The natural world: A brief history lesson in salmon, trout names

Published 7:00 am Saturday, November 6, 2021

Imagine yourself as a naturalist, two centuries ago, when up to 20 million Pacific salmon and steelhead returned annually to spawn in the Columbia River Basin.

Several species of resident trout also ranged throughout the Columbia and Snake rivers and their tributaries at the time. How would you describe these strange and wonderful fish when only one species, the rainbow trout of eastern Russia (Salmo gairdneri), had previously been accounted for?

Journal passages from the 1805 Lewis and Clark Expedition alluded to five different salmon and trout west of the Rocky Mountains. Included in their list were “salmon” (chinook salmon), “white salmon-trout” (coho or silver salmon), “salmon-trout” (steelhead/rainbow trout), “red charr” (possibly sockeye salmon), and “speckled” or “mountain trout” (cutthroat trout). Other salmon and trout species were either scarce or the explorers failed to recognize them as different.

For example, there was no mention of pink or chum salmon when both are seasonally abundant in coastal waters. In their defense, Lewis noted on March 2, 1806, “I have no doubt there are many other species of fish … which we have not had the opportunity of seeing.”

In contrast to how newly discovered plants and animals were saved for further study, early naturalists had no means to preserve fish specimens. William Clark, the principal mapmaker and illustrator of the Expedition, made sketches of only two of 11 fishes encountered in western waters: the eulachon or Columbia River smelt, and “white salmon trout.” Rarely were any measurements taken.

Only when the U.S. Exploring Expedition conducted surveys to determine the most feasible route for a transcontinental railroad did thorough description of salmon and trout of the Pacific Northwest take place. Consequently, the taxonomy of various trout and salmon species remained in flux through most of the 19th century.

Approximately 50 species of western trout were initially catalogued by early naturalists. The renowned ichthyologist, George Suckley, in an 1861 treatise titled, “On the North American Species of Salmon and Trout,” managed to pare the list down to 43. Of that group, rainbow trout were tagged with a total of 25 different scientific names! Attributing a new species name to a locale or a person helped keep them straight.

Early taxonomic methods focused on visual characteristics such as body size, the counting of fin rays and gill rakers, and color, including spotting patterns. Male and female salmon (what anglers term a “buck” and a “hen”) were sometimes thought to be different species, as were juvenile forms and fish that changed their color or size of jaw at spawning time. Consider another journal entry from Lewis and Clark: “in this neighborhood we have met with another species which does not differ from the other in any particular except in the point of colour.”

Fast forward to 1989 when a committee of fisheries scientists took advantage of newly discovered genetic evidence to recommend the seven species of Pacific salmon and trout we know today be combined into a single genus, Oncorhynchus. Genetic evidence emphasizes evolutionary relationships rather than physical appearance. Concurrently with this finding, Oncorhynchus mykiss was chosen as the scientific name for both the North American and the Asian, or mikizha, form of steelhead/rainbow trout.

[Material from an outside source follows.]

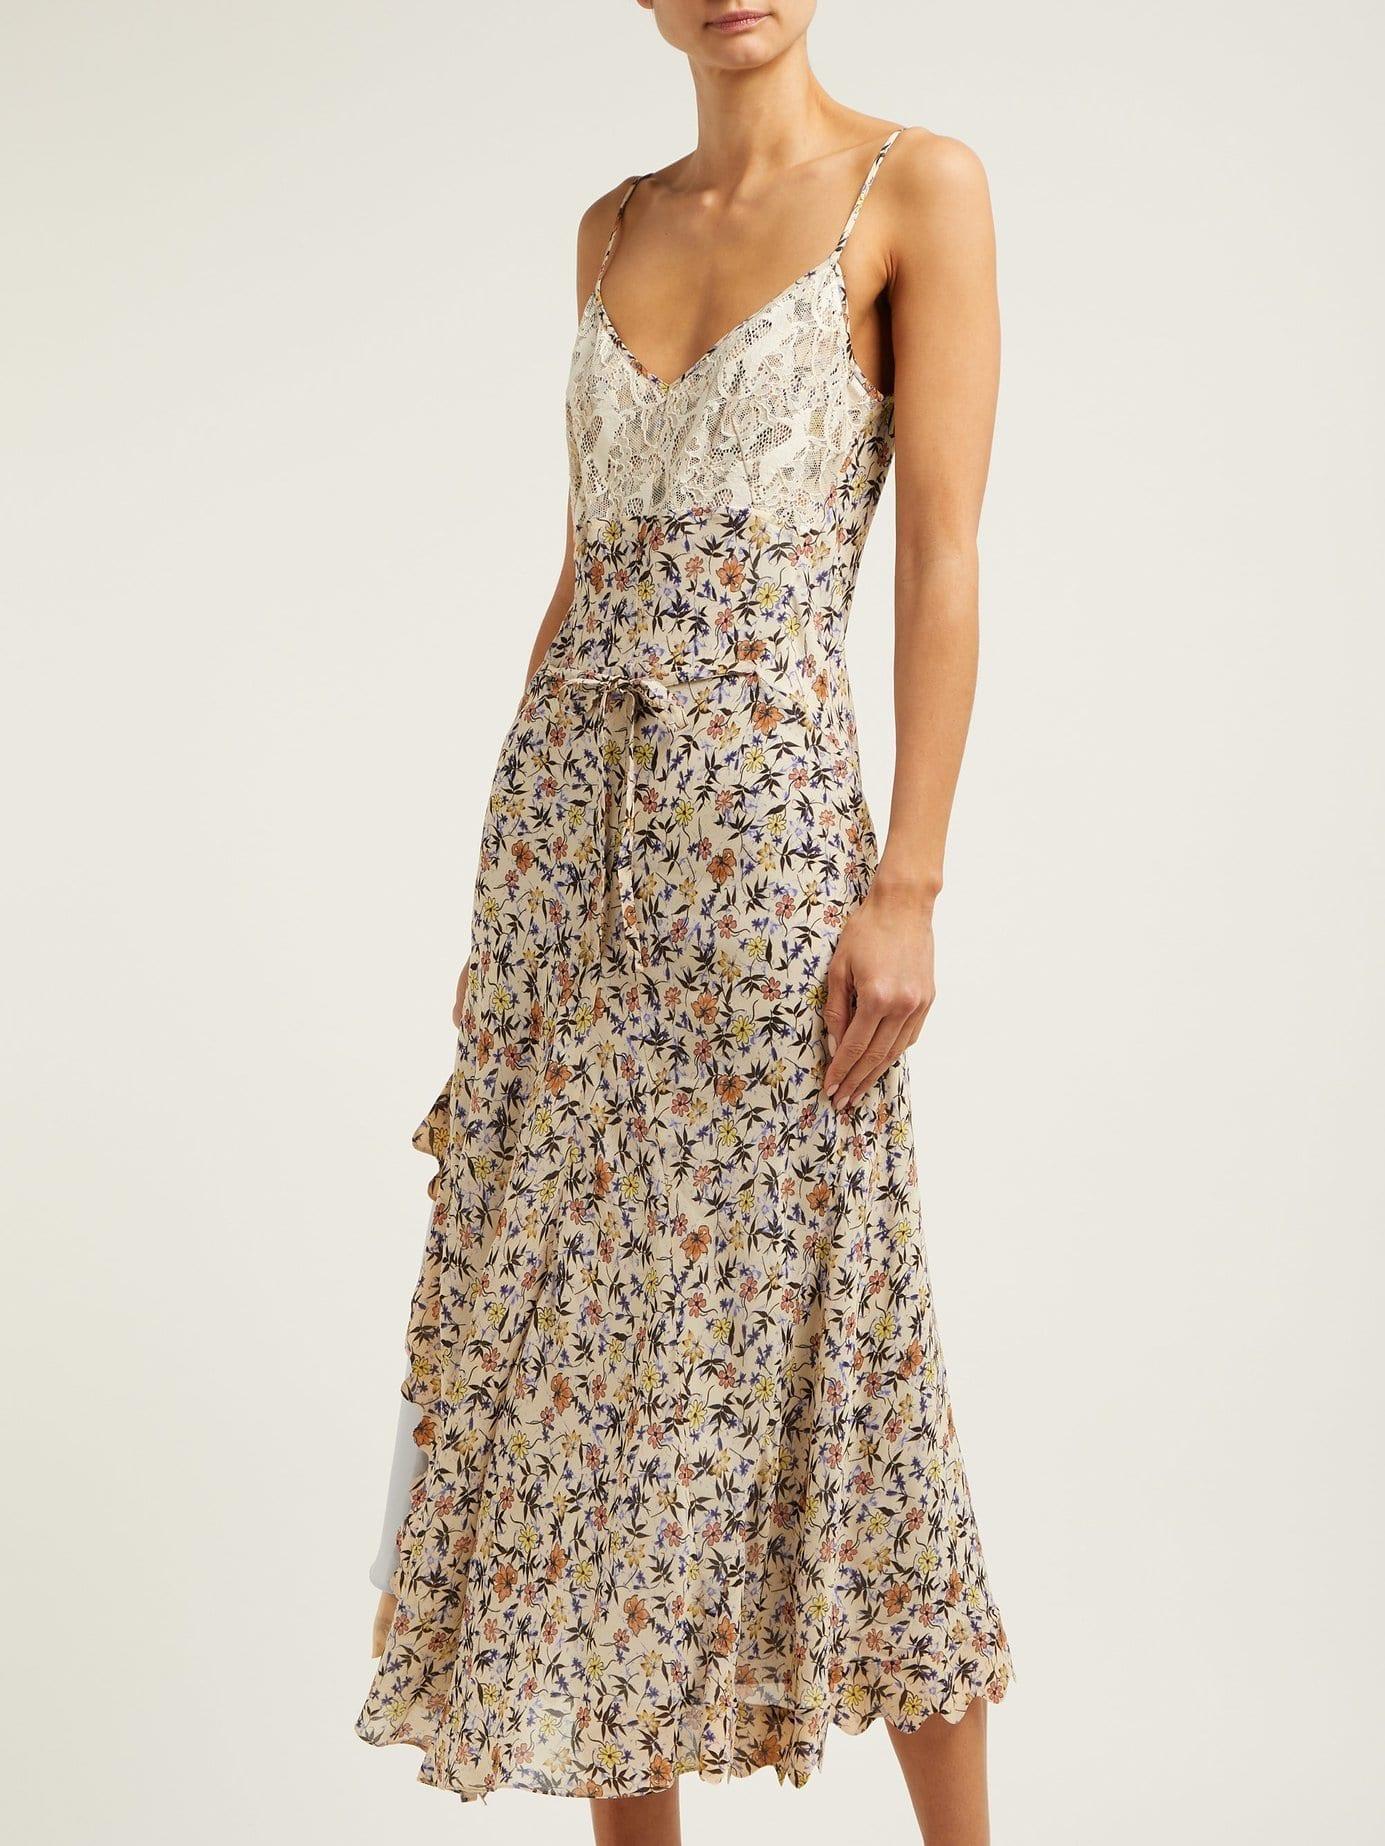 CHLOÉ Lace Insert Georgette Midi Cream / Floral Printed Dress

Interestingly, the current classification scheme ignores a pronounced difference between Pacific salmon and Pacific trout. For example, all five species of Pacific salmon (chinook, coho, sockeye, pink, chum) die after they return from the sea to spawn, while the two species of Pacific trout (rainbow and cutthroat), hybridize with each other, may or may not migrate to the sea, and can spawn more than once (i.e., are iteroparous).

The logic behind Lewis and Clark’s moniker “salmon trout” for steelhead is easy to reconstruct. After all, isn’t a steelhead a large trout that acts like a salmon? What about the “white salmon trout?” At the time of Lewis and Clark, coho salmon were abundant throughout the Columbia River Basin. Coho spawn rear in tributary streams and juveniles remain in fresh water for one or two years. These attributes mimic the life history and behavior of steelhead where the two species overlap. My best guess is the characteristic white gum line of coho salmon triggered the thought to these explorers.

Not to be forgotten is the “salmon” of Lewis and Clark, no doubt the most important fish they encountered. The Canadian explorer David Thompson also used the term to describe chinook salmon when he traveled through the mid-Columbia region in 1812, often adding “small salmon” to his notes as a distinction.

Science advances when new ways of thinking and innovative techniques are applied to age old problems. Consider the words of the French biologist Charles Girard, “the method I follow is the natural, the true method, that which has superseded the artificial method of the last century.”

Not the case, it seems, 150 or so years later.